Su ke printing plate eighth grade first volume mathematics final examination paper 1. Fill in the blanks (2 points for each question, ***24 points)
The arithmetic square root of 1.9 is; The cube root of -27 is.
2. Point A (3, -4) is located in the fourth quadrant, and the distance from point A to the origin O is equal to.
3. If the average value of data 2, x, 4 and 8 is 4, then the mode of this set of data is; The median is.
4. It is known that point A (3, b) and point B (a, -2) are symmetrical about y axis, then A =;; b=。
5. If it is known that the image of the linear function intersects with X at point A (2 2,0), then k =;; The value of this function y increases with the increase of x (padding increases or decreases).
6. In the isosceles triangle △ABC,? A=4? B. (1) What if? A is the vertex angle, then? c =; (2) What if? A is the bottom corner, then? C=。
7. The area of the diamond is 24cm2, the length of one diagonal line is 8cm, and the length of the other diagonal line is: the circumference of the diamond is.
8. According to statistics, 20 1 1 year? In the first phase, a scenic spot in our city received 89,740 tourists. Keeping this number to three significant figures can be expressed by scientific notation.
9. The analytical formula of the straight line passing through point P (0 0,5) and parallel to the straight line y=-3x+7 is.
10. As shown in the figure, in the isosceles trapezoid ABCD, AD∨BC, AB=AD=DC,? B=60? , AE∑DC, if AE=4 cm, the circumference of trapezoidal ABCD is.
(DrawingNo. 10) (DrawingNo. 1 1)
1 1. As shown in the figure, in △AOB,? B=25? , rotate clockwise around point o △AOB 50? Get delta a? OB? , side a? b?
Intersect with the edge OB at point c (point a? Not on OB), then? Answer? The degree of CO is.
12. As shown in the figure, it is known that the area sum of squares 1 and No.4 is 5, and the area sum of squares A, B and C is 5.
Second, the choice (2 points for each question, *** 18 points)

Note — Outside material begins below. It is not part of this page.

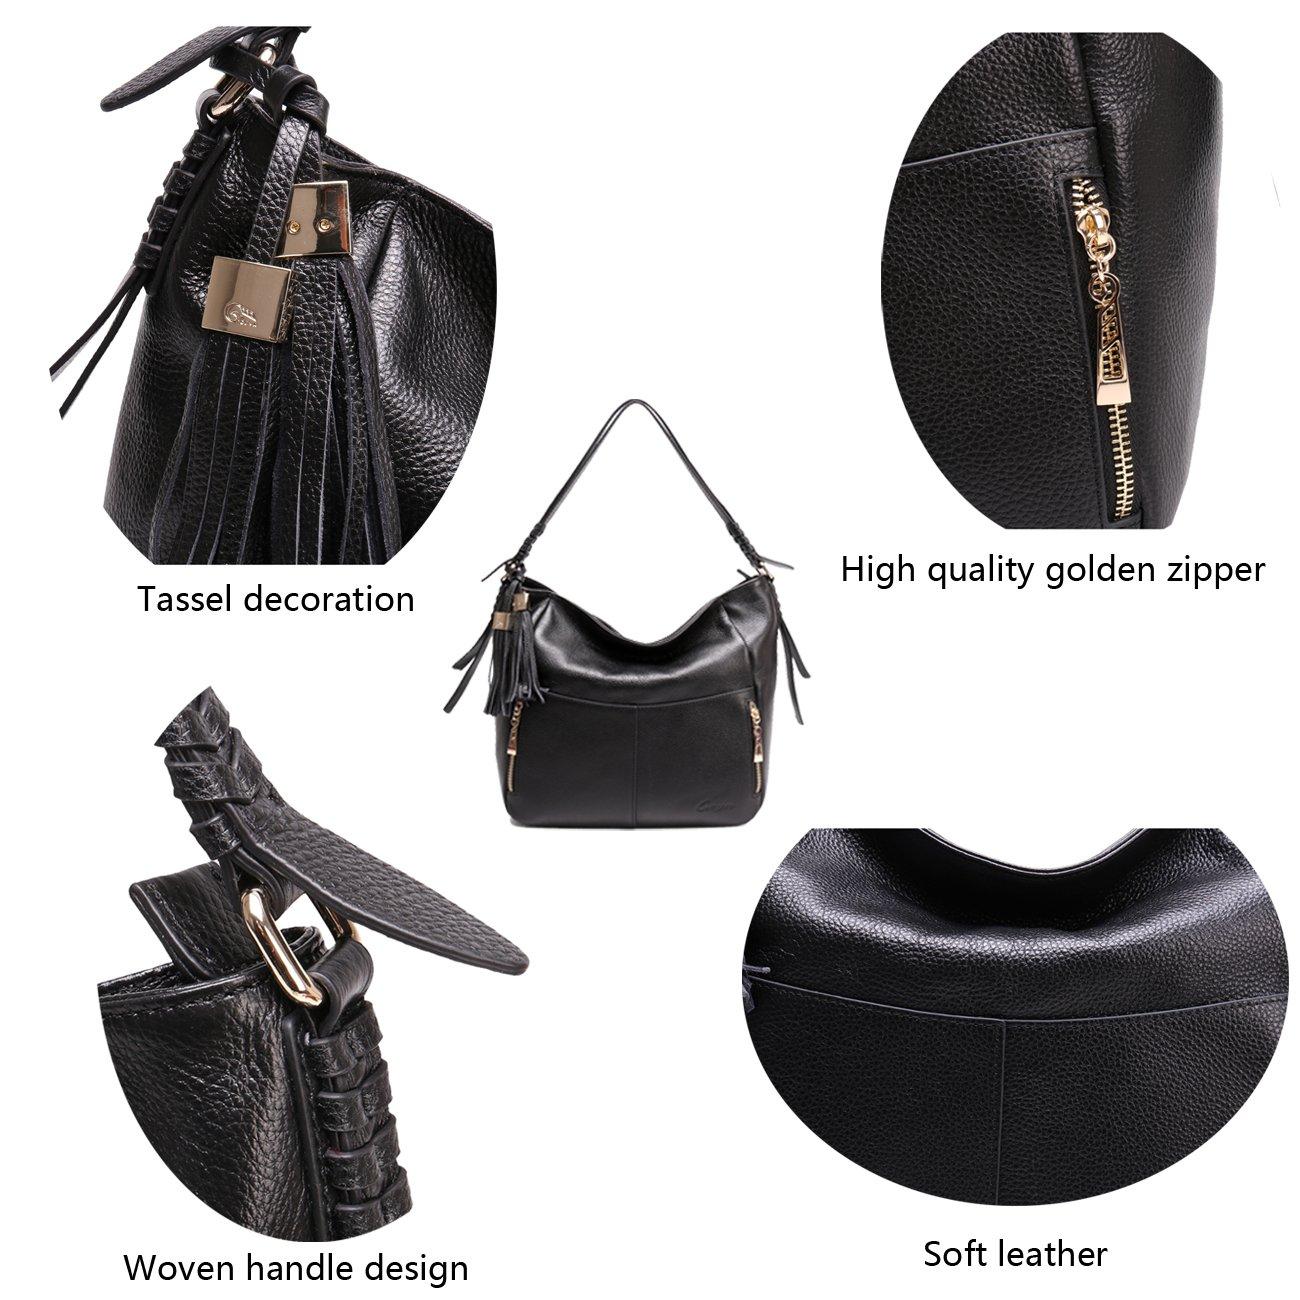 Geya Women's Fashion Genuine Leather Handbag Shoulder Handbag with Imported Soft Hot Leather (Black) by Geya (Image #6)

13. The following statement is correct.
What is the square root of A.9? 3 b. What is the cube root of1? 1
C.=? 1d. The arithmetic square root of a number must be a positive number.
14. As shown in the figure, fold a square piece of paper diagonally once, then dig a round hole at each of the three corners of the triangle, and finally unfold the square piece of paper to get the pattern as follows.
15. The image of linear function fails.
A. first quadrant B. second quadrant C. third quadrant D. fourth quadrant
16. Under the following conditions, it cannot be determined that △ABC is a right triangle.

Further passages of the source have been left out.